START SUPPLIED DATA

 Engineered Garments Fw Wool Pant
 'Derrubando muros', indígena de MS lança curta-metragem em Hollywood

END SUPPLIED DATA
START SUPPLIED DATA

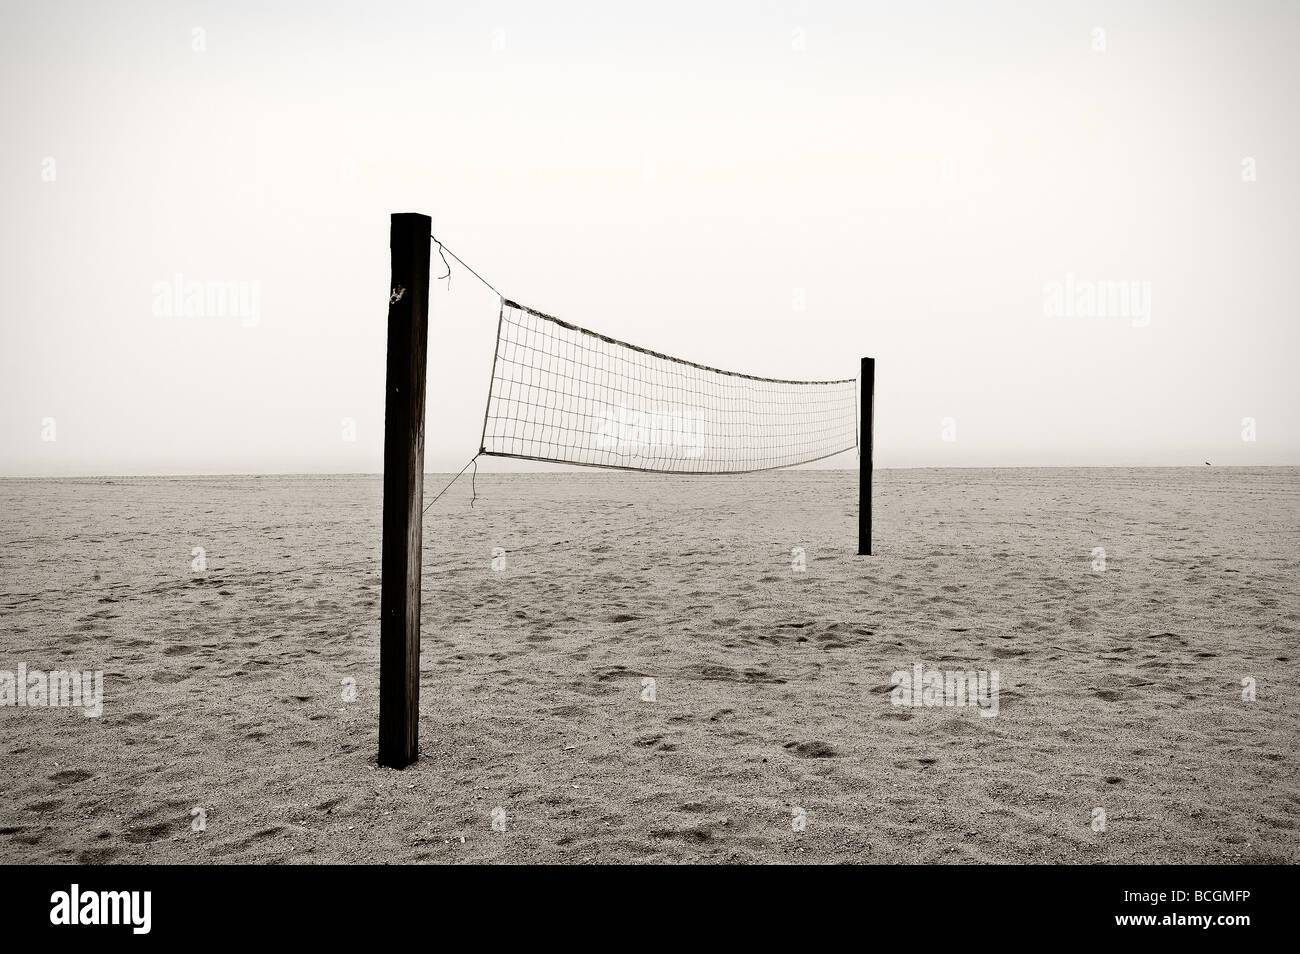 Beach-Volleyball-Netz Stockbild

END SUPPLIED DATA
START SUPPLIED DATA

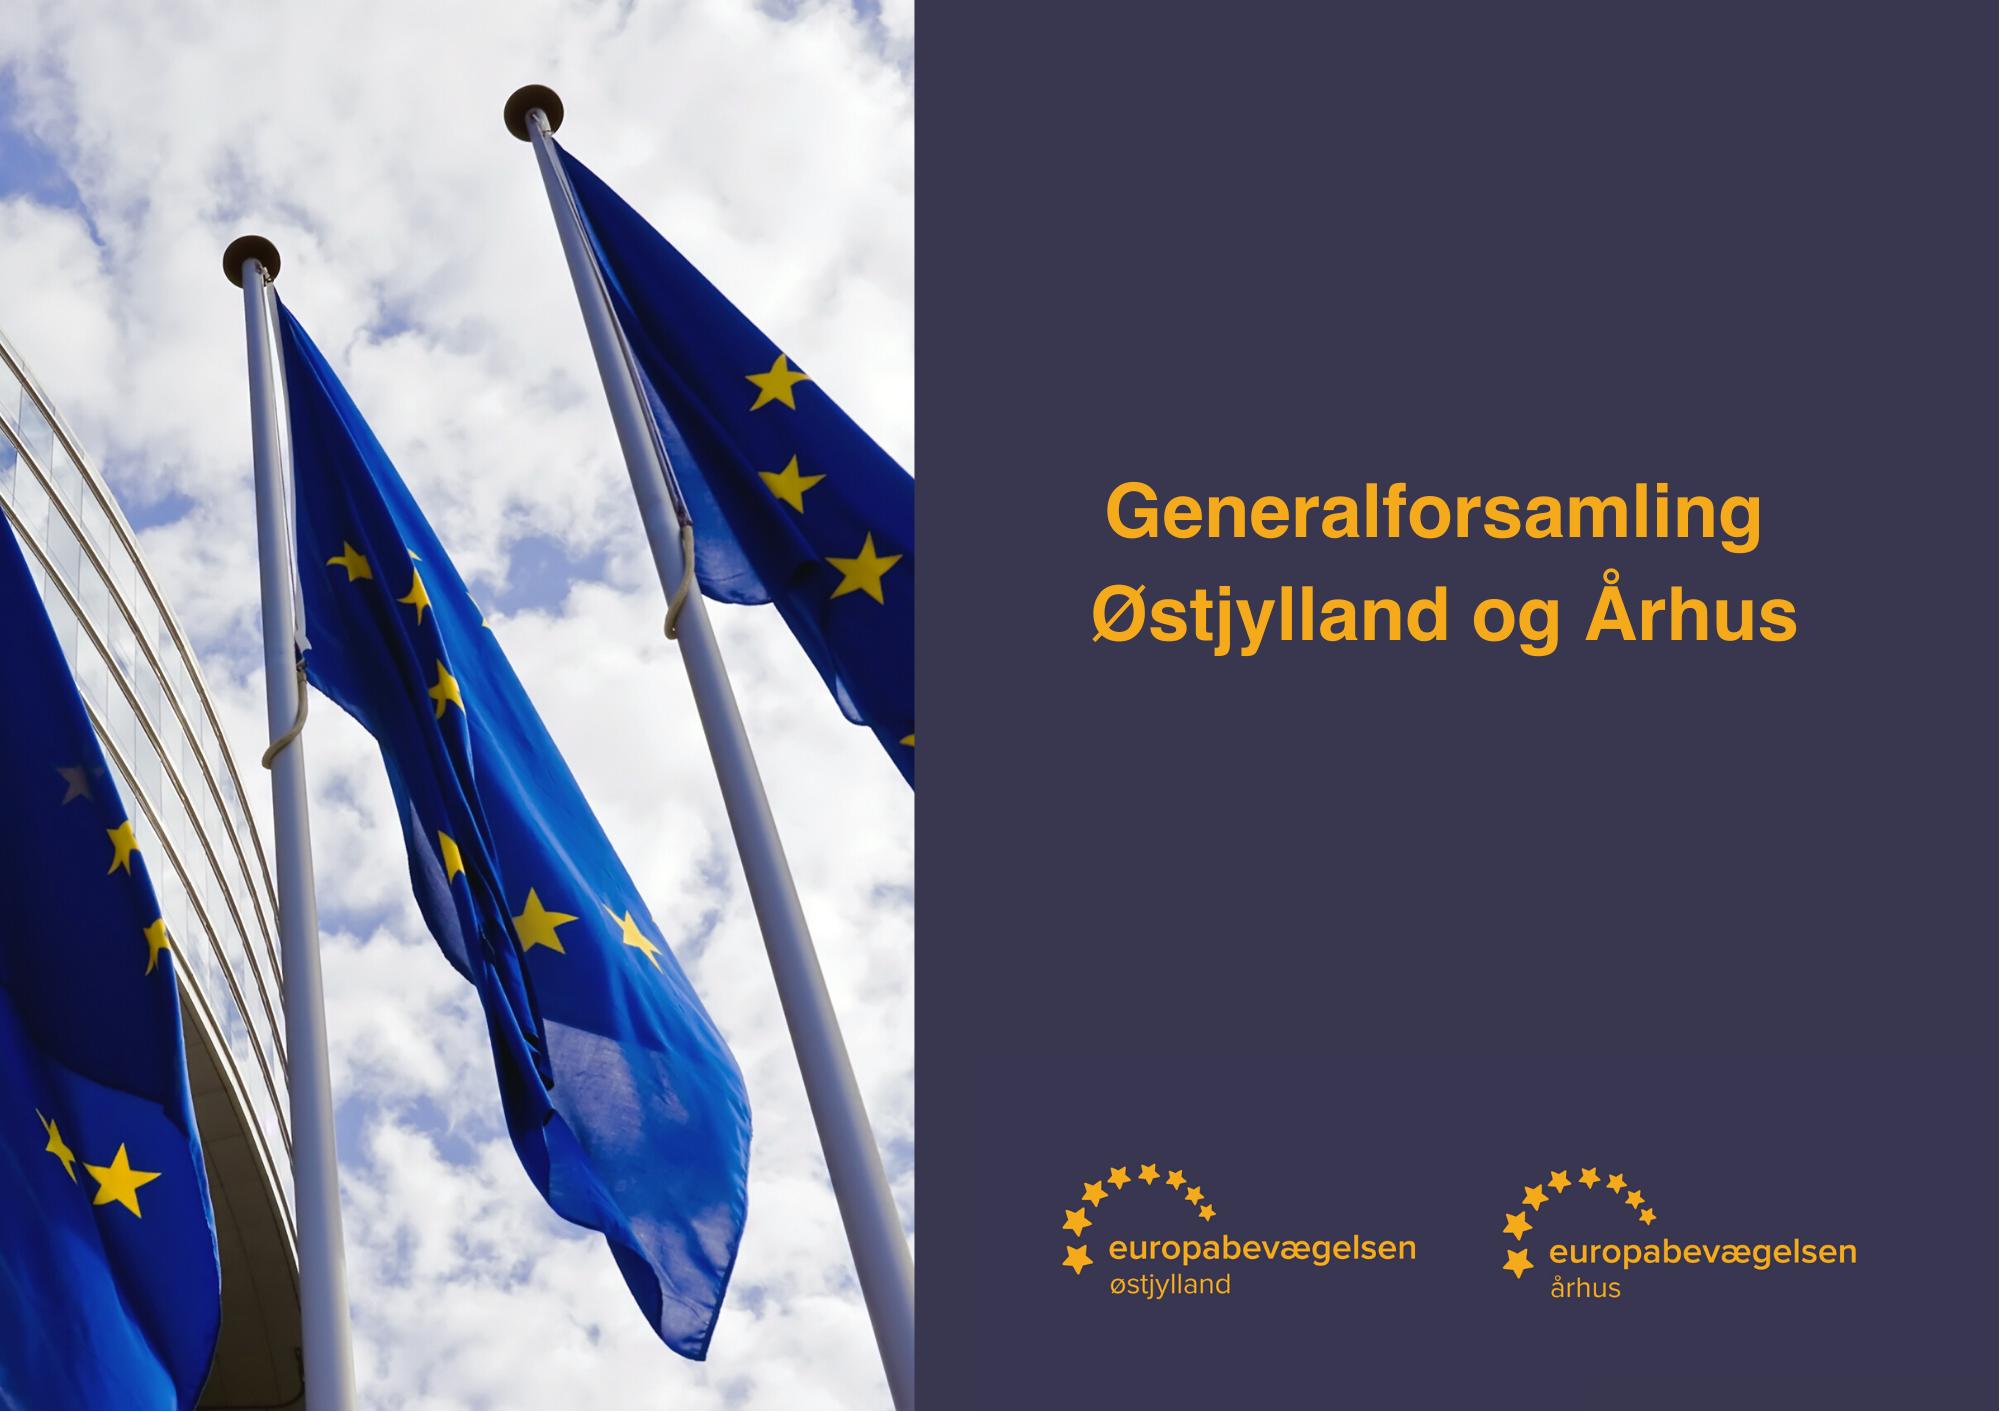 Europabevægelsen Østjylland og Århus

END SUPPLIED DATA

Copy out, word for word, the part of the entries above that begins at the line with "Engineered Garments Fw Wool Pant" and ends at the line with "curta-metragem em Hollywood", including both.

 Engineered Garments Fw Wool Pant
 'Derrubando muros', indígena de MS lança curta-metragem em Hollywood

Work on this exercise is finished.